Tse v. Apple Inc.., No. 2015-1639 (November 5, 2015) (Nonprecedential); Patent No. 6,665,797

Key points:

  • The doctrine of collateral estoppel applies if (1) the issue sought to be precluded from relitigation is identical to the issue decided in the earlier proceeding; (2) the issue was actually litigated in the former proceeding; (3) the issue was necessarily decided in the former proceeding; and (4) the person against whom collateral estoppel is asserted was a party, or in privity with a party, to the earlier proceeding.
  • A prior judgment of invalidity will have collateral estoppel effect unless the patentee can show it did not have a full and fair opportunity to litigate in the prior case.
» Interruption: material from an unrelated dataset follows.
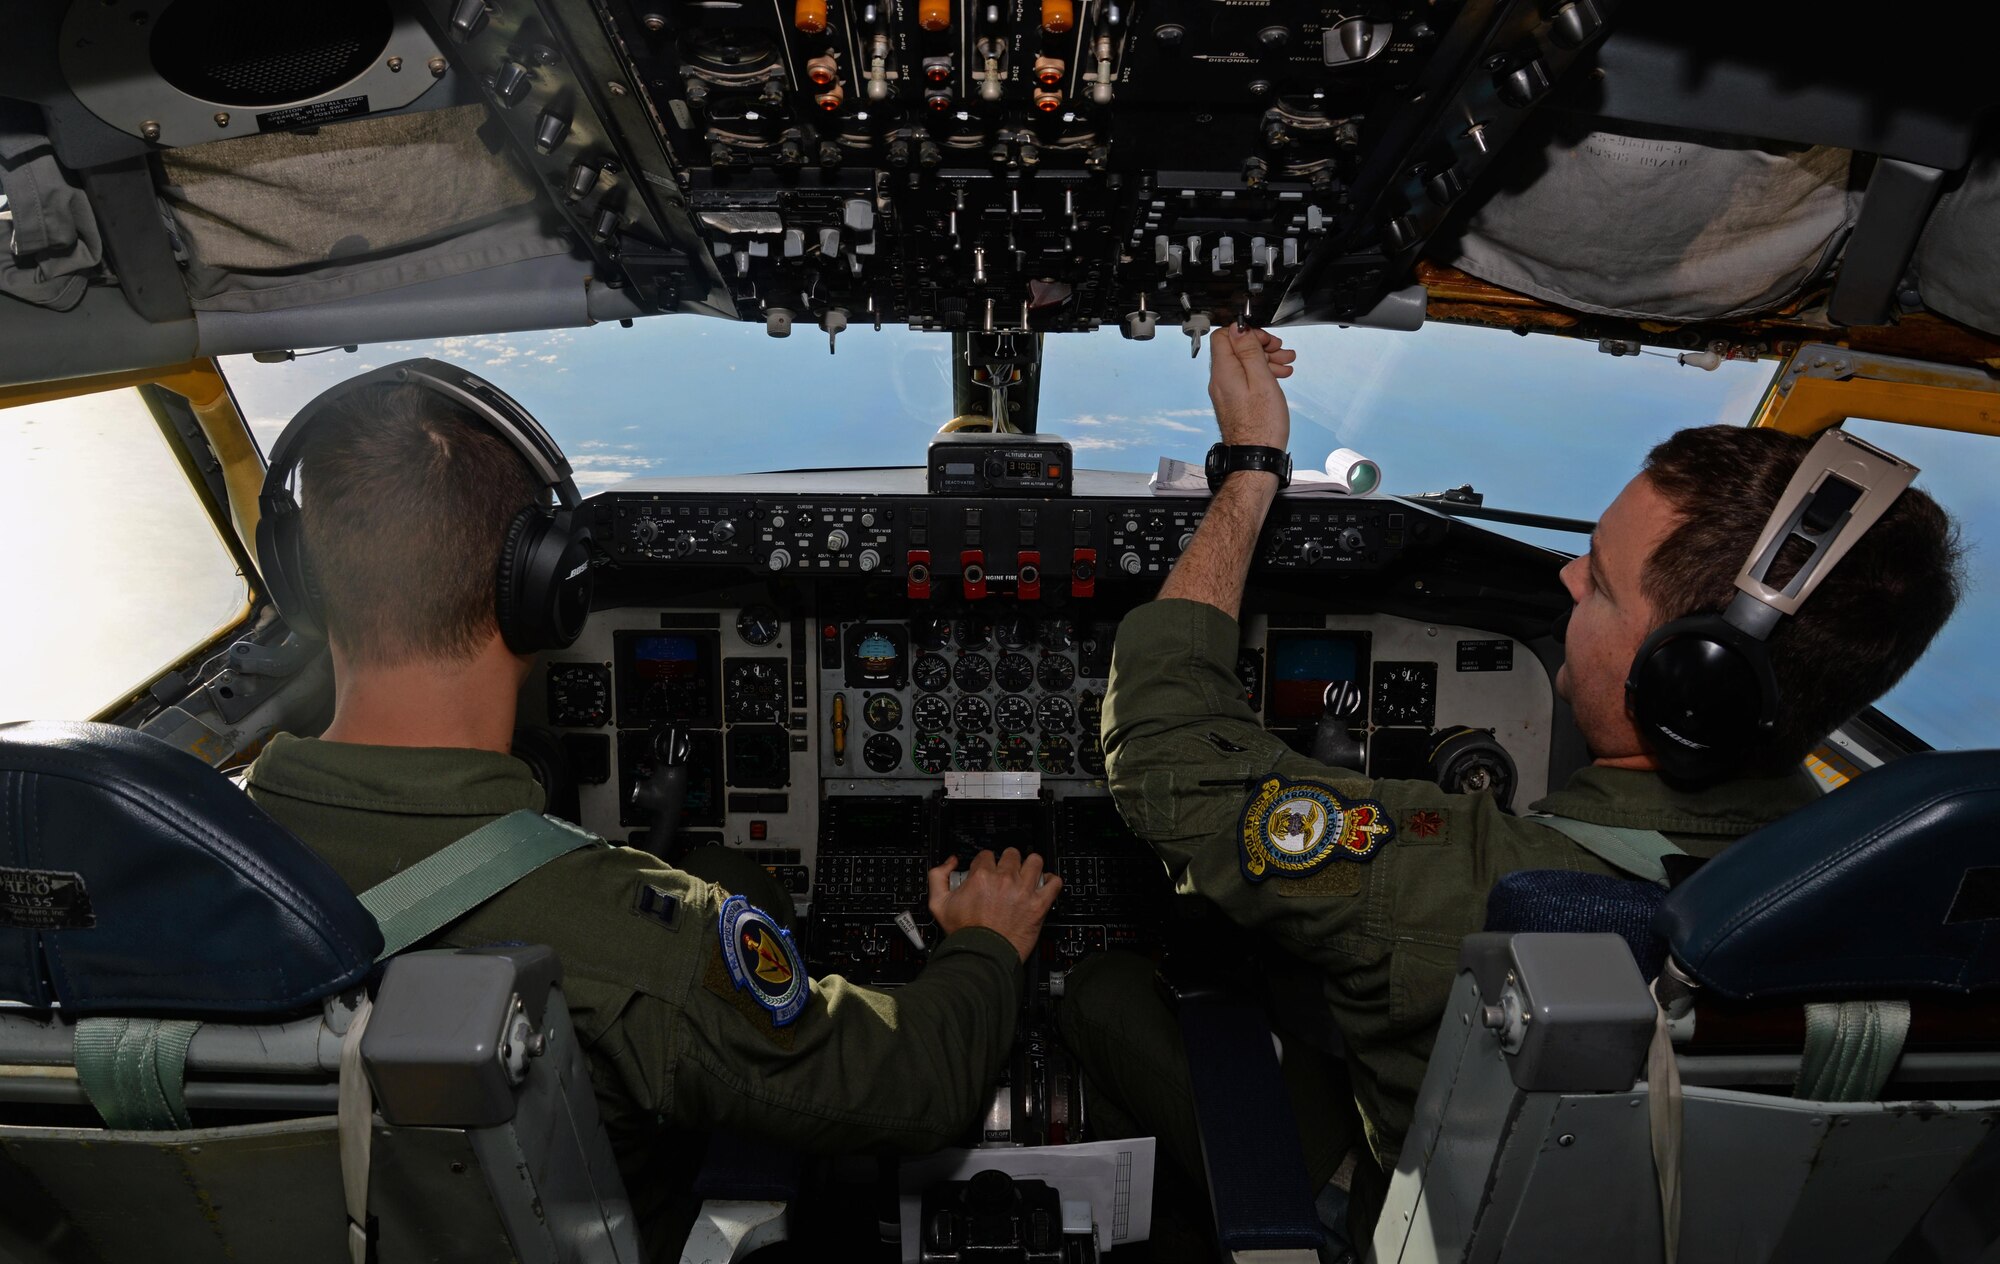 Capt. RJ Allen, a 351st Air Refueling Squadron pilot, and Maj. Joseph Smith, a 351st ARS instructor pilot, fly to Son San Juan Air Base, Spain, for exercise Trident Juncture Oct. 20, 2015. The exercise will primarily be conducted in Spain, Portugal and Italy with additional activities in Belgium, Canada, Germany, the Netherlands, Norway and at sea in the Atlantic Ocean and Mediterranean Sea. (U.S. Air Force photo/Senior Airman Christine Halan)

Yufa v. Hach Ultra Analytics, Inc., No. 2015-1626 (November 5, 2015) (Nonprecedential); Patent Nos. 6,034,769 and 6,346,983

Key Points:

  • Issue preclusion barred litigation of infringement in a second action after a district court granted summary judgment of noninfringement based on prosecution history estoppel in a first action.

Belden Inc. v. Berk-Tek LLC, Nos. 2014-1575 and 2014-1576 (November 5, 2015) (Precedential) (3-0); Patent No. 6,074,503

Key Points:

  • A petition for IPR can survive without submission of a declaration in support of the positions asserted in the petition.
  • A petitioner in an IPR can reply to a Patent Owner’s Statement and provide a declaration in response to the patent owner’s position even if the Petition was not supported by a declaration.
  • A Reply and supporting declaration can only respond to arguments raised by the patent owner.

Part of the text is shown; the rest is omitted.